For more information on how to troubleshoot module-related problems, please 
visit our Web site at "http://www.vmware.com/download/modules/modules.html" and
"http://www.vmware.com/support/reference/linux/prebuilt_modules_linux.html".

Execution aborted.

Please advise

----------


## bodhi.zazen

First, vmware server 1.0.6 is very old, server is currently in 2.0.x

Second, 9.04 is a relatively new kernel so you are likely to have problems.

I have become disinterested in supporting VMWare on Ubuntu as it has always been difficult.

If you wish to run VMWare I suggest you use one of the supported platforms listed on the VMWare site. If you wish to use 1.0.6 you *may* have to use Ubuntu 8.04.

Take a look at the so called any-any patch and see if that helps.

http://ubuntuforums.org/showthread.php?t=779934

As an alternate to VMWare you might consider KVM or VirtualBox. Of the two VirtualBox is the easier to use.

----------


## cwmoser

I'm ready to switch over to KVM.
VMware's Player is slow - especially when Compiz is running.

Can my vmware VM's be converted to run under KVM virtualization????

Carl

----------


## bodhi.zazen

> I'm ready to switch over to KVM.
> VMware's Player is slow - especially when Compiz is running.
> 
> Can my vmware VM's be converted to run under KVM virtualization????
> 
> Carl


Yes, I have a number of how-to's for KVM on my blog.

http://blog.bodhizazen.net/linux/con...irtualbox-vdi/

It is not 100 % but it is fairly easy to do.

Personally I run KVM from the command line with a few scripts, again easy to do. There are a number of options for KVM that are not available via virt-manager or virsh.

Again I have a number of how-to's on my blog, they will come up on a google search as well.

----------


## theZoid

> Yes, I have a number of how-to's for KVM on my blog.
> 
> http://blog.bodhizazen.net/linux/con...irtualbox-vdi/
> 
> It is not 100 % but it is fairly easy to do.
> 
> Personally I run KVM from the command line with a few scripts, again easy to do. There are a number of options for KVM that are not available via virt-manager or virsh.
> 
> Again I have a number of how-to's on my blog, they will come up on a google search as well.

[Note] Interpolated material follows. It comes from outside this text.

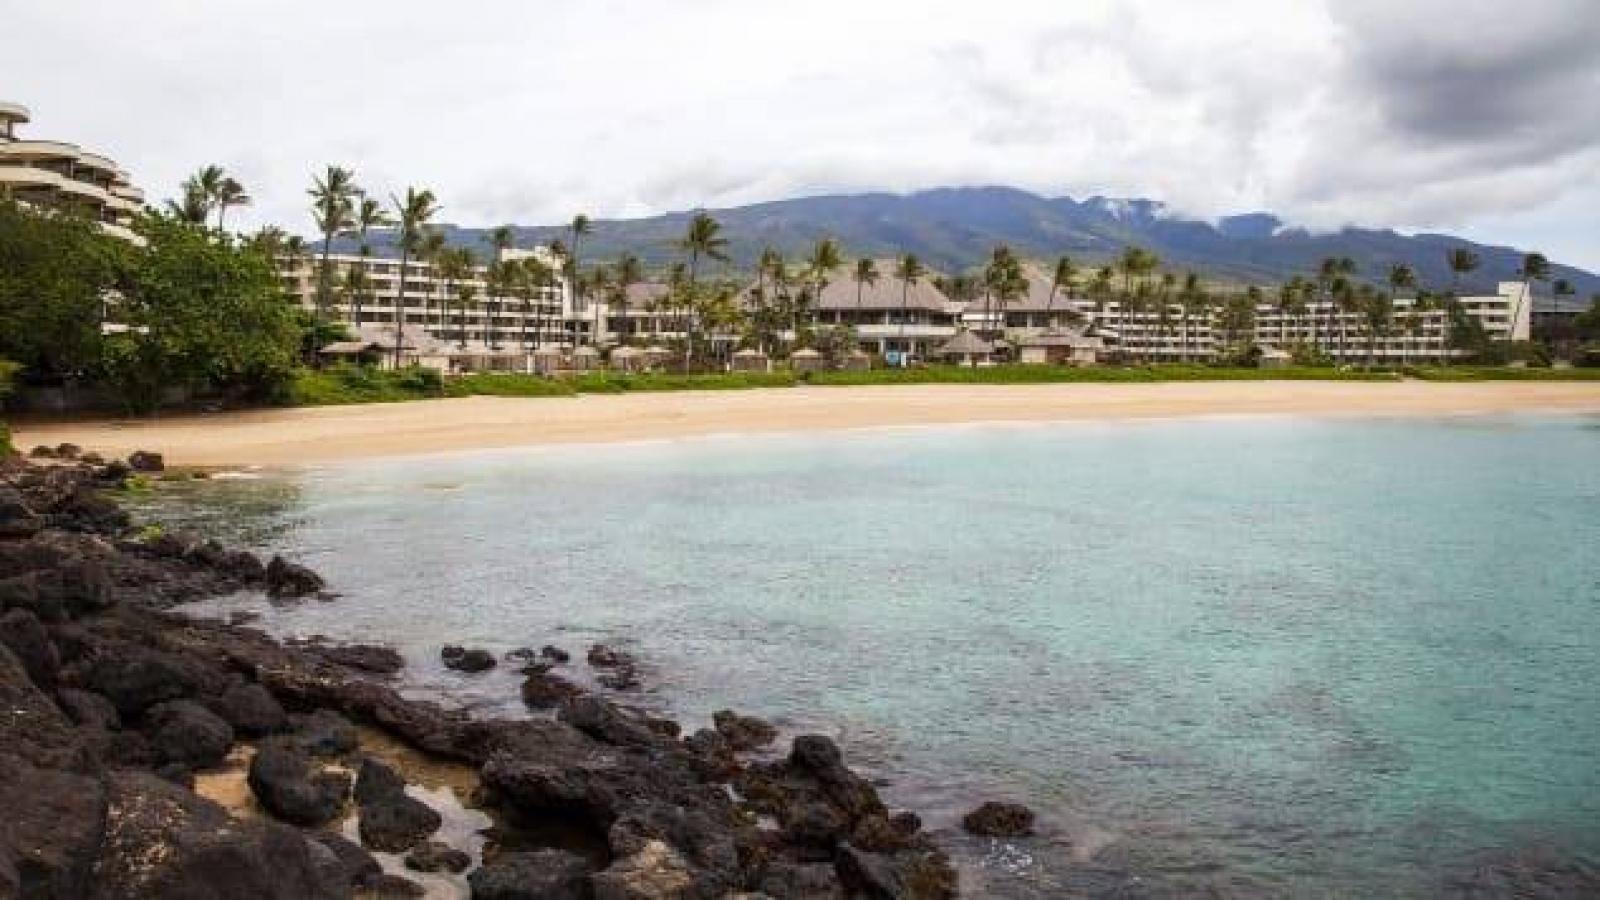 Vi phạm cách ly tại Hawaii, cặp vợ chồng hưởng tuần trăng mật trong tù

If I am using VirtualBox non-free edition for Windows XP with USB support, is there any advantage for me to use KVM?  thanks as I'm not familiar with KVM.  Also, does KVM support usb and 3d acceleration?

----------


## bodhi.zazen

kvm supports usb devices. graphics are better in VBox and VMWare.

----------


## theZoid

> kvm supports usb devices. graphics are better in VBox and VMWare.


Thanks...I'm right where I want to be with VB then...wanted to make sure I wasn't missing out on something  :Smile:

----------


## bengtner

I've installed 9.04 in a virtual machine (VirtualBox 3.0) on a Windows 7 (64bit) host. Initially I had problems with to enable higher screen resolution than 800x600, but after installation of Vboxadditions this problem was gone, and I can adjust the screen resolution to whatever I want. 

However, after I installed Vboxadditions, the system became very sluggish. For instance, when I type text, the characters pop up with a significant delay. 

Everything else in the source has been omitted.